## [RECORDED INFORMATION]
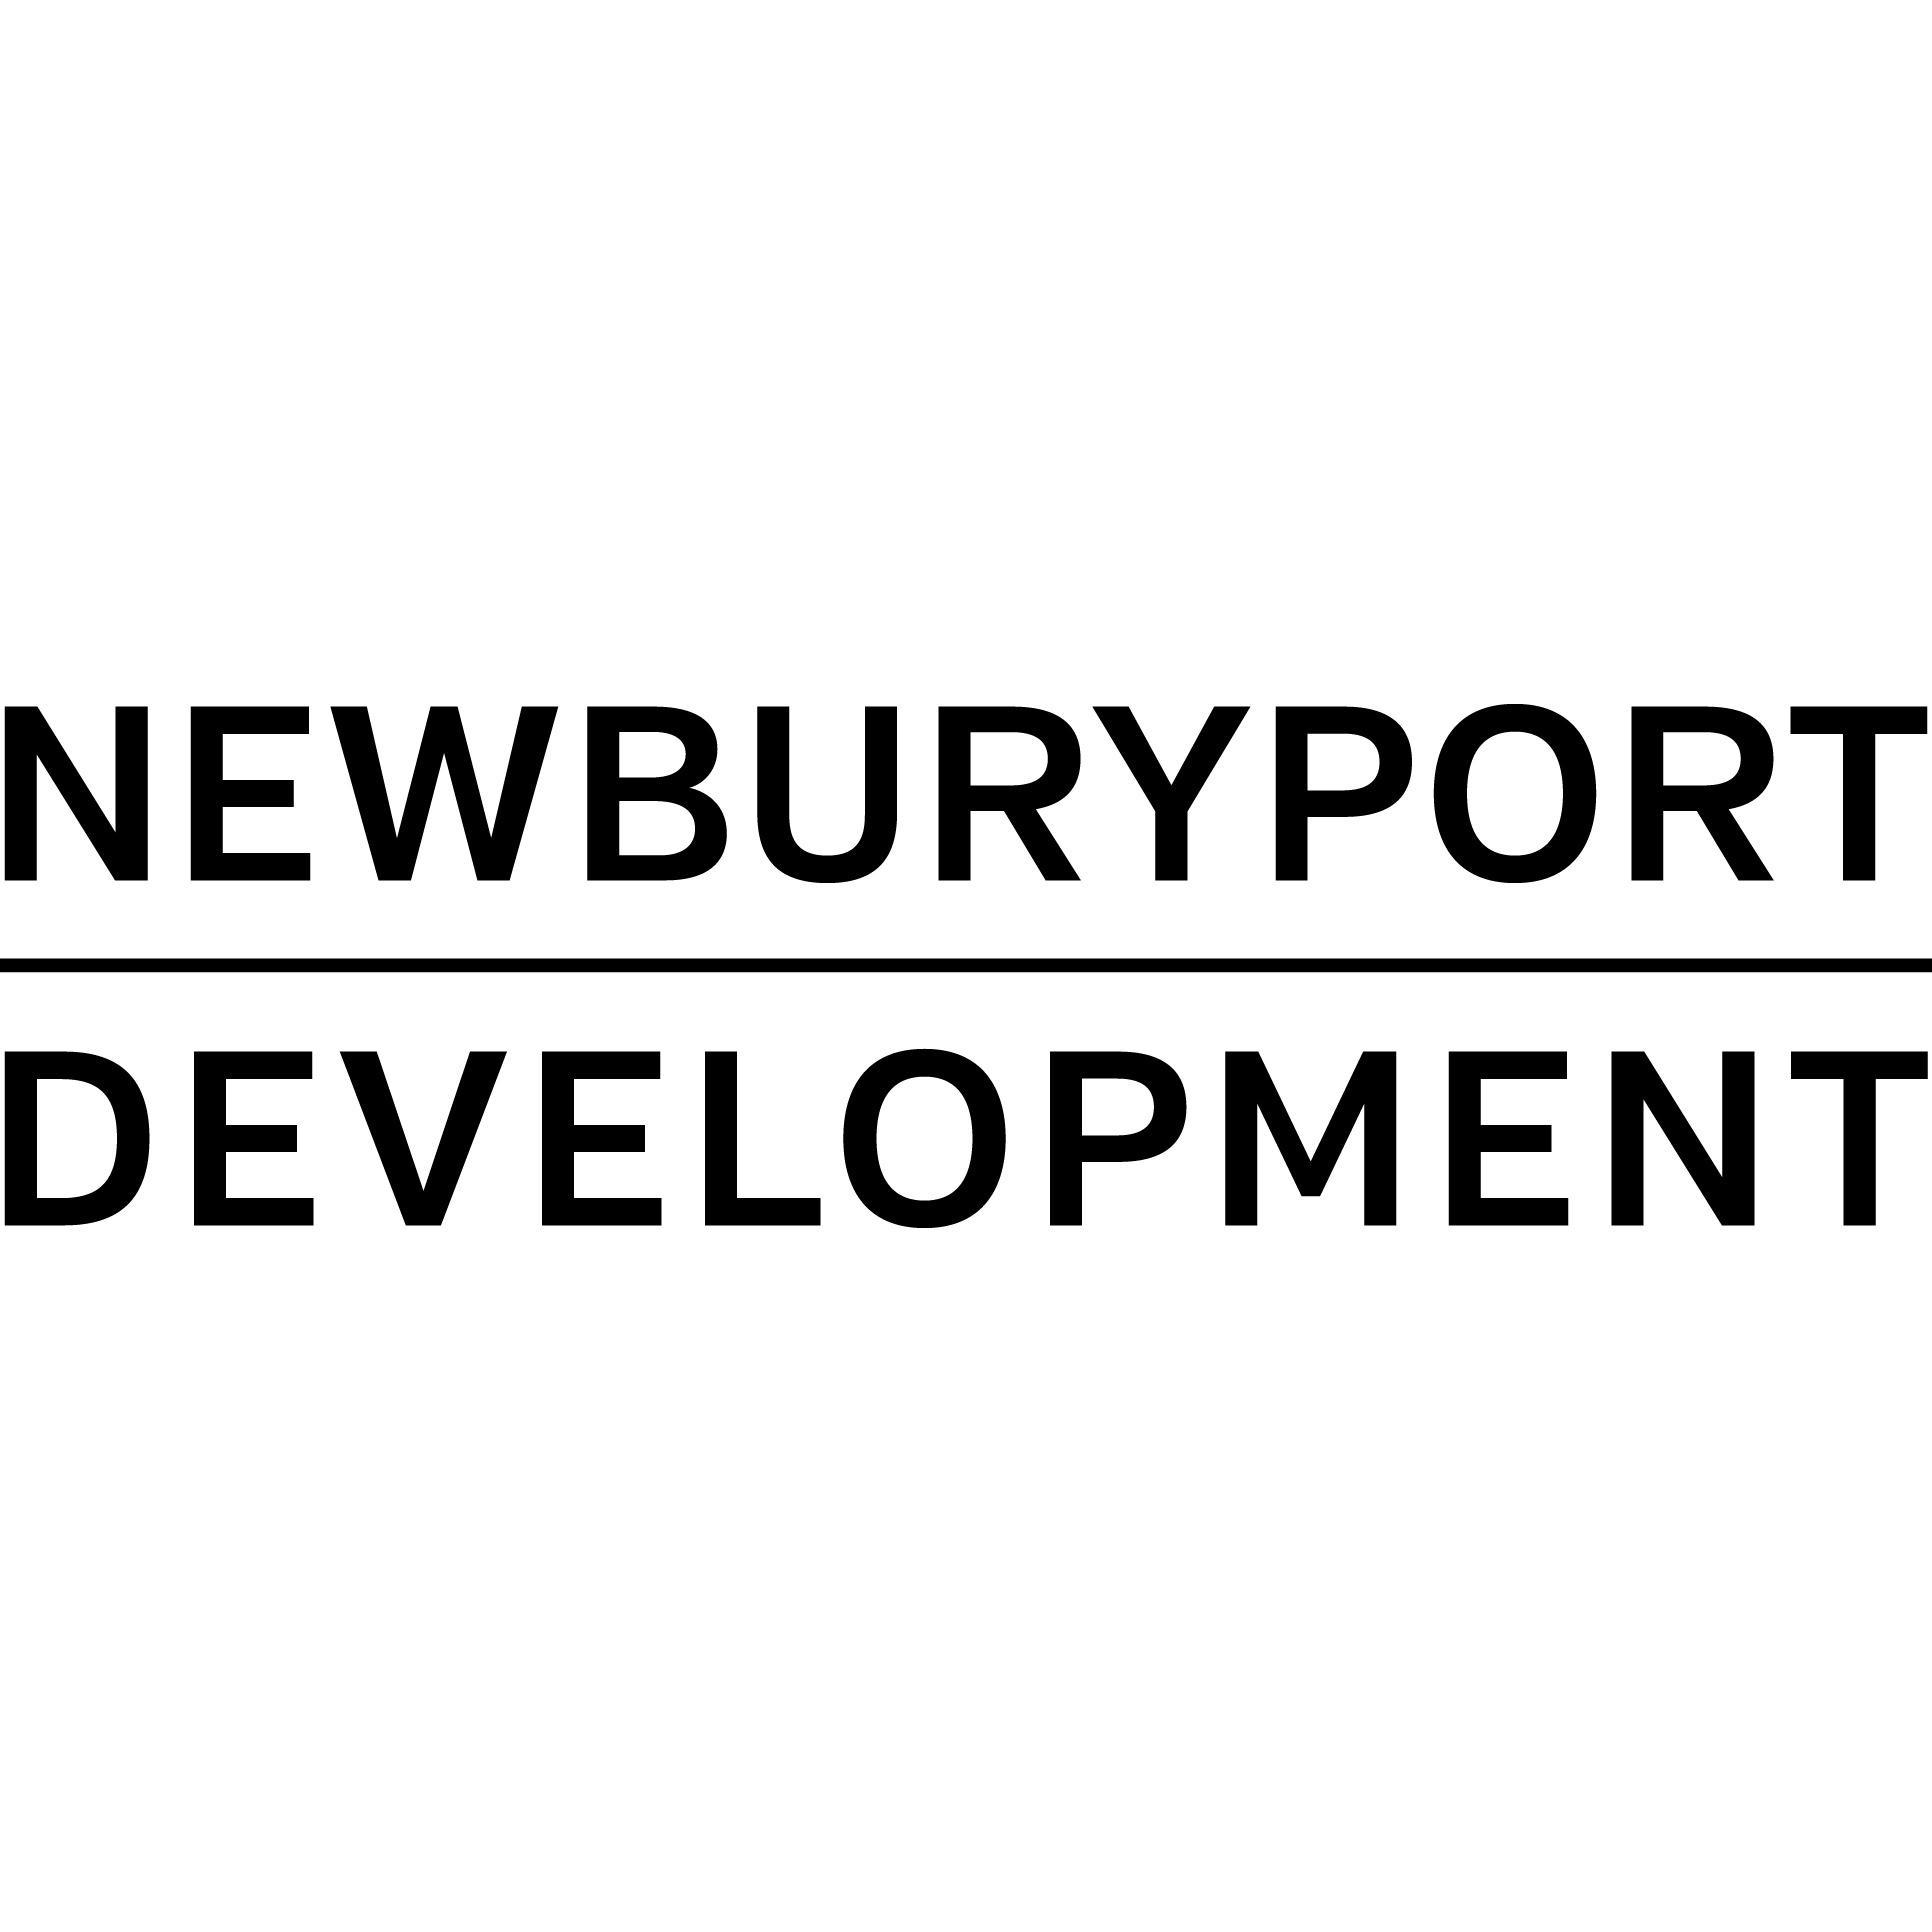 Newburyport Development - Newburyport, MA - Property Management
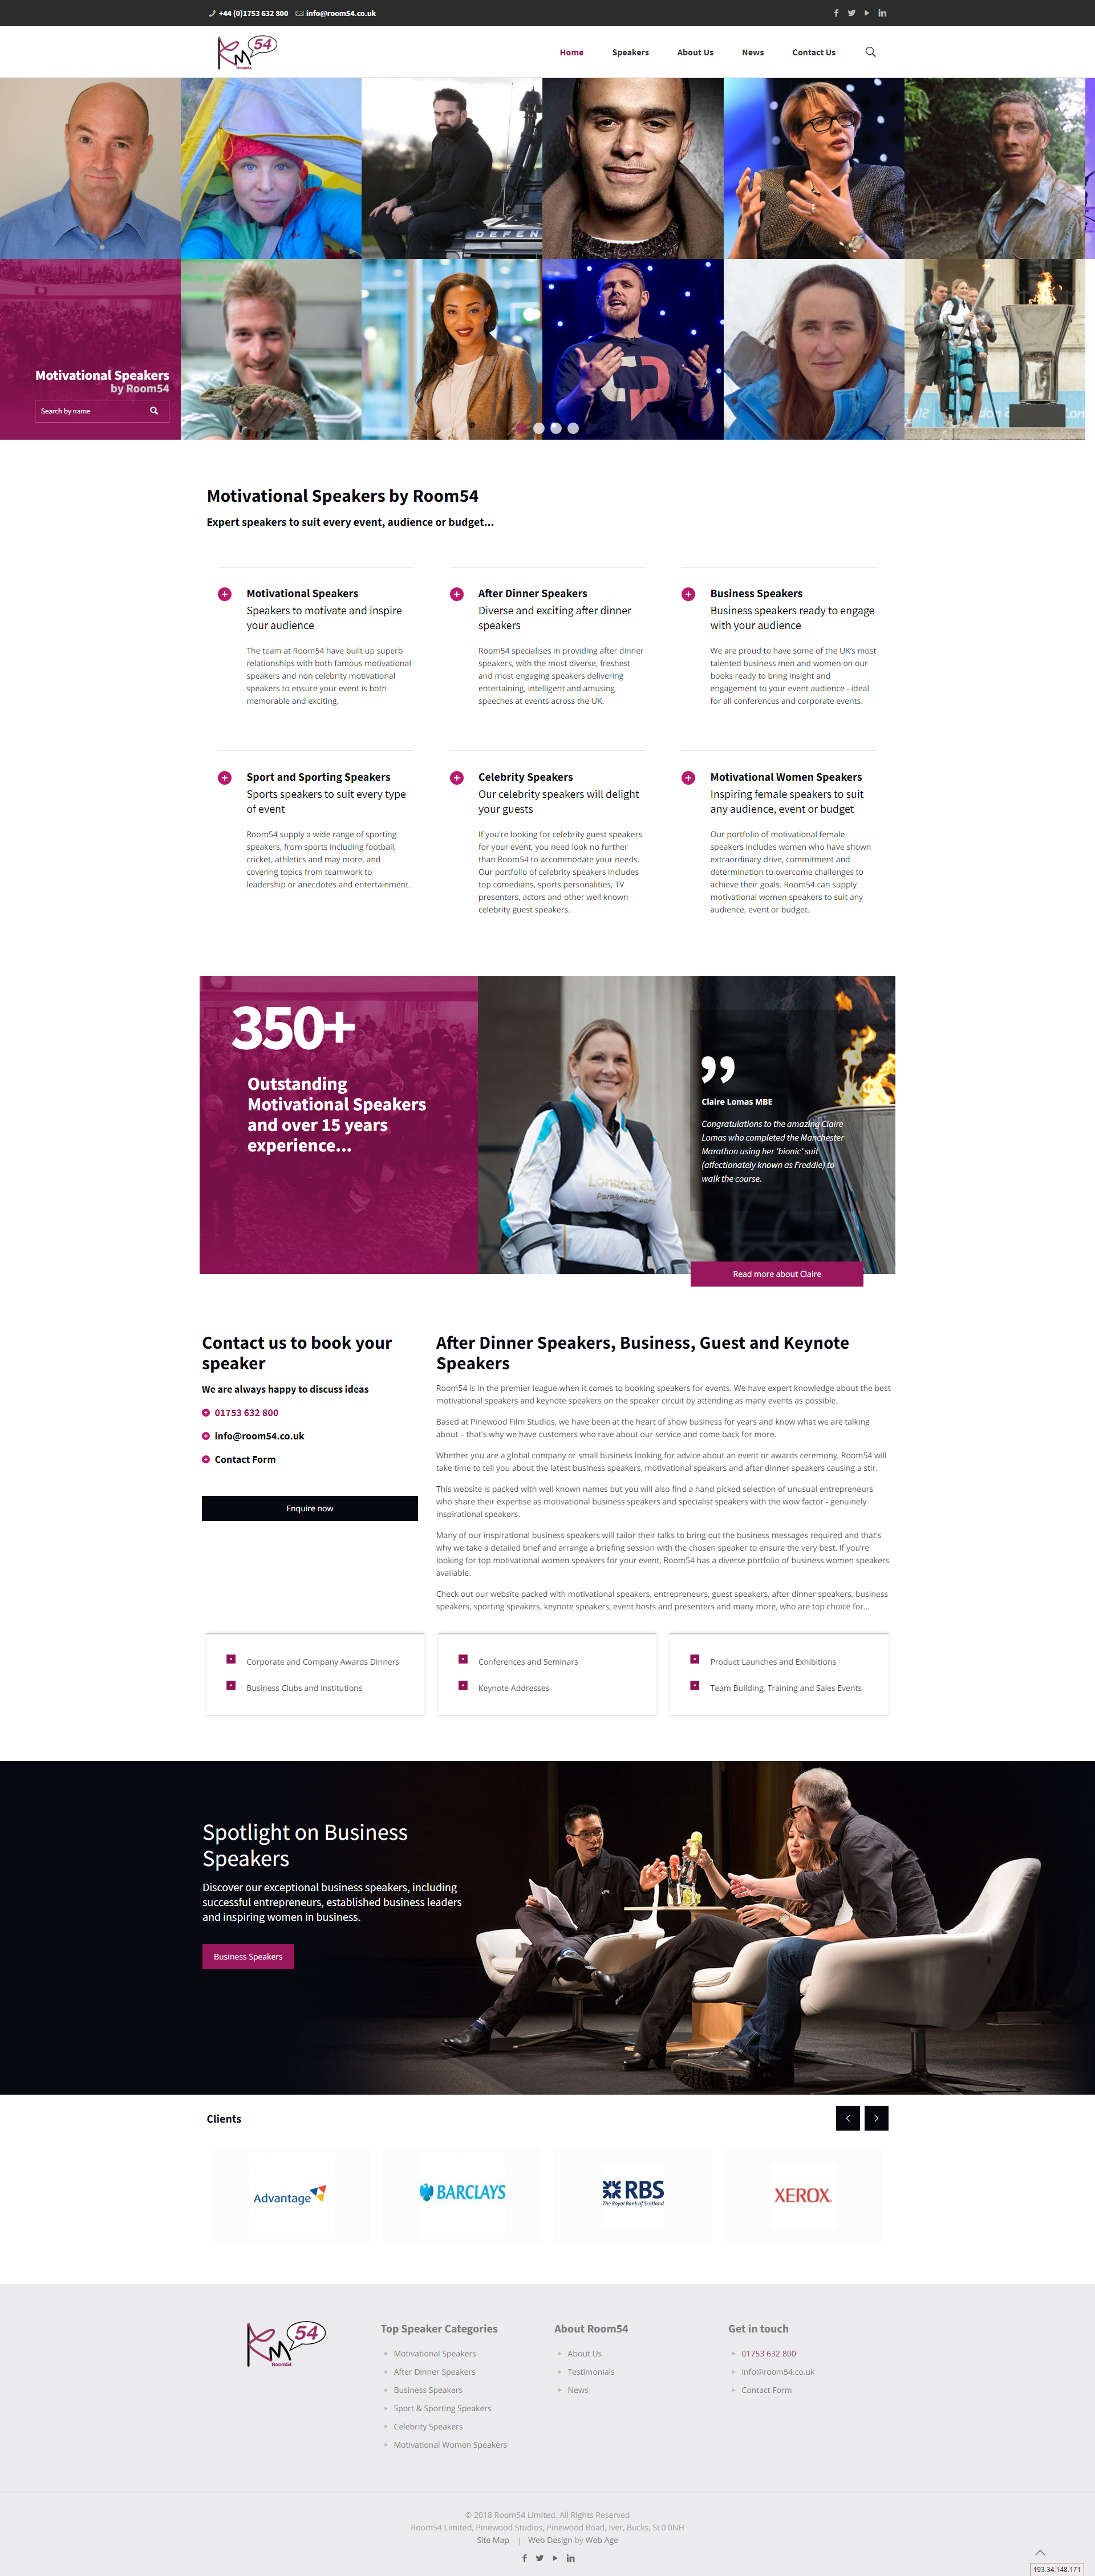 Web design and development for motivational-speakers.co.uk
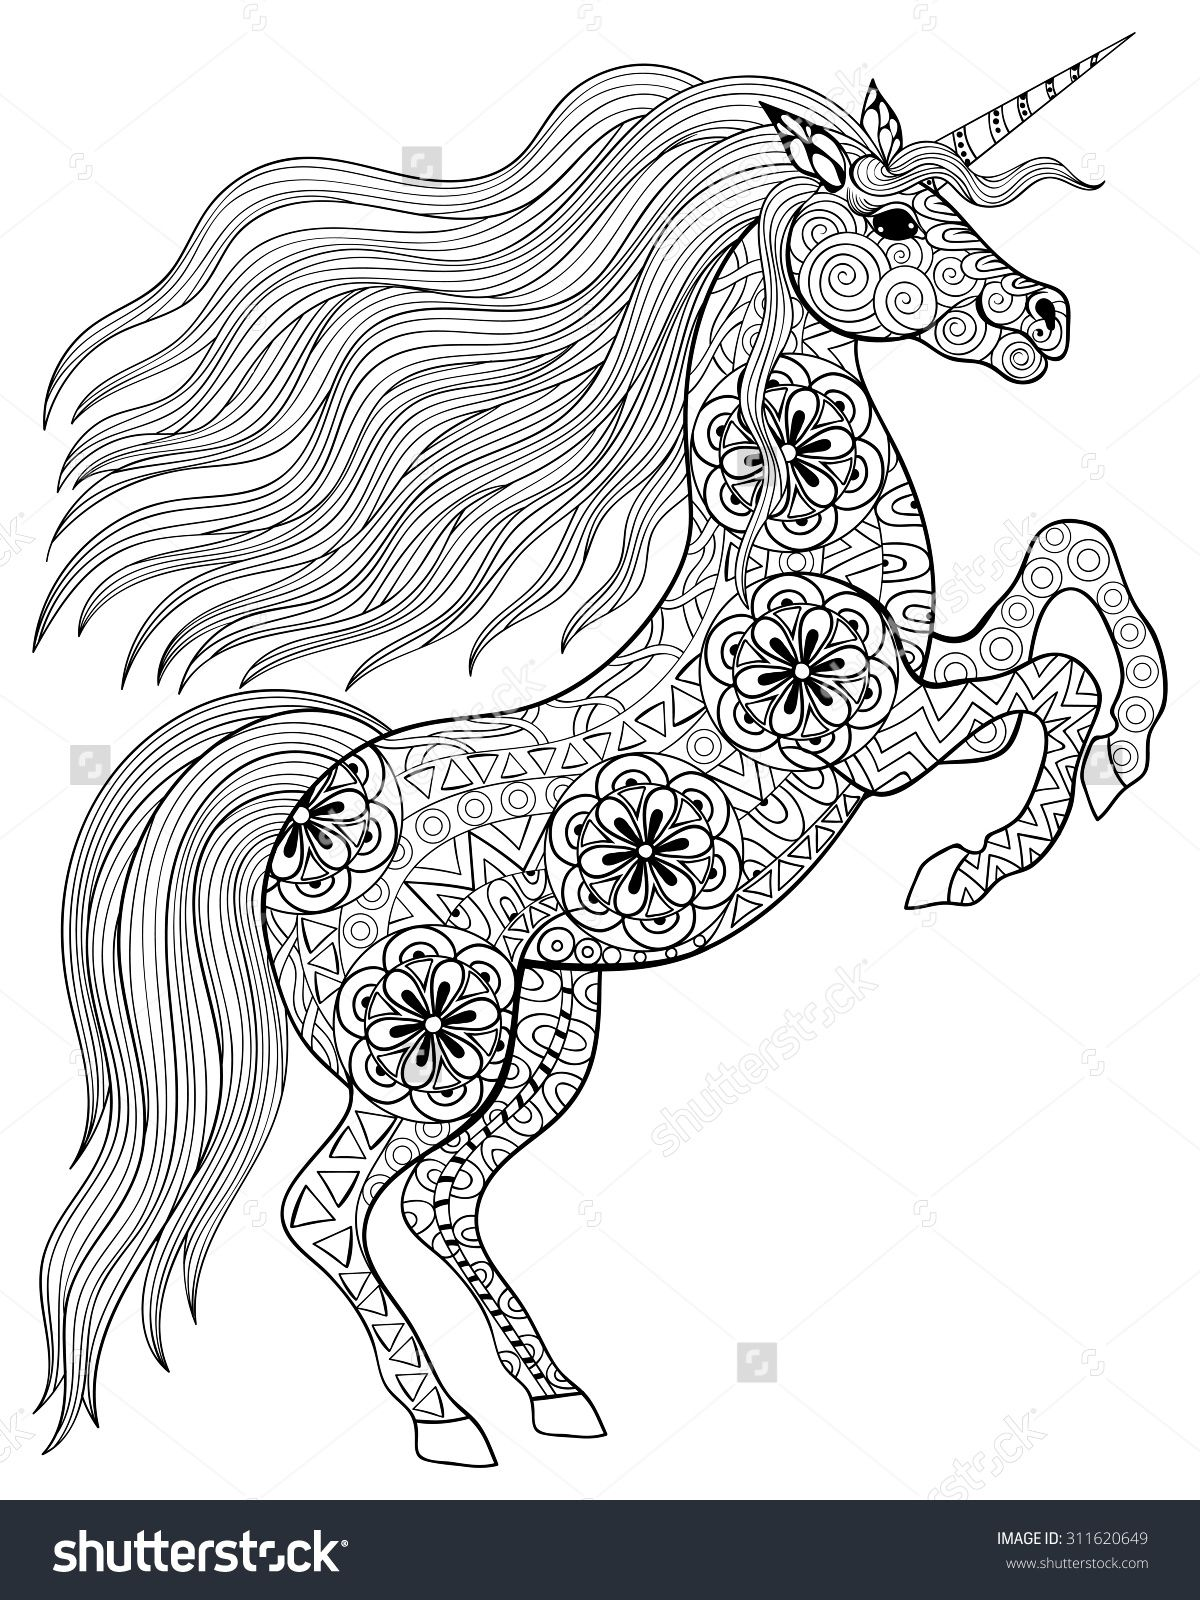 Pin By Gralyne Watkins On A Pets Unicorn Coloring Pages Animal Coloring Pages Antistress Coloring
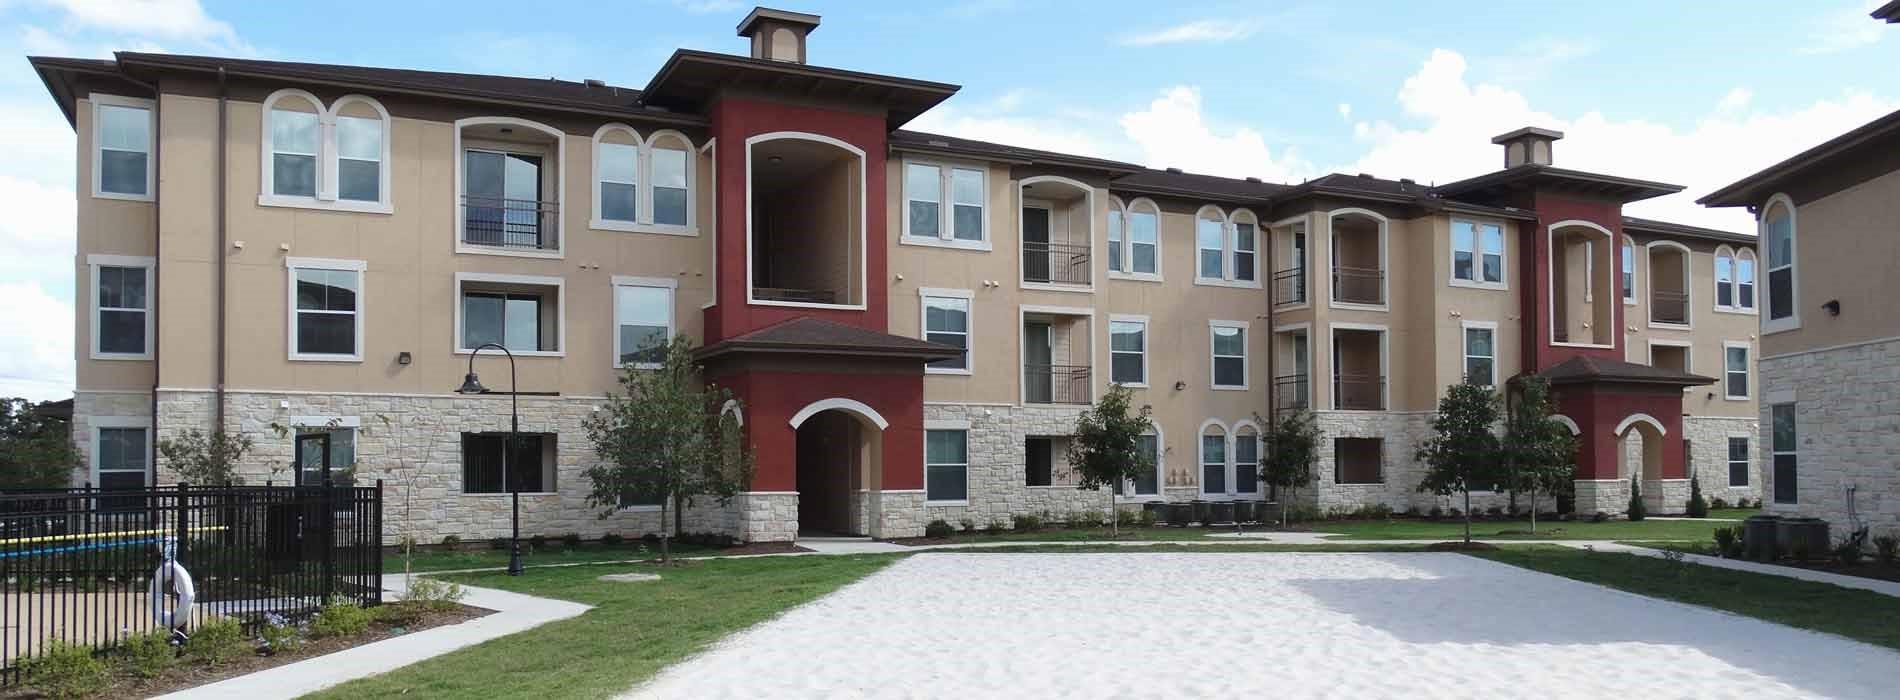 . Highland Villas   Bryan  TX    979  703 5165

## [WORK INSTRUCTION]
An exact, image-free transcript of the material is required.

## [RESPONSE AREA]
 Newburyport Development - Newburyport, MA - Property Management
 Web design and development for motivational-speakers.co.uk
 Pin By Gralyne Watkins On A Pets Unicorn Coloring Pages Animal Coloring Pages Antistress Coloring
 . Highland Villas   Bryan  TX    979  703 5165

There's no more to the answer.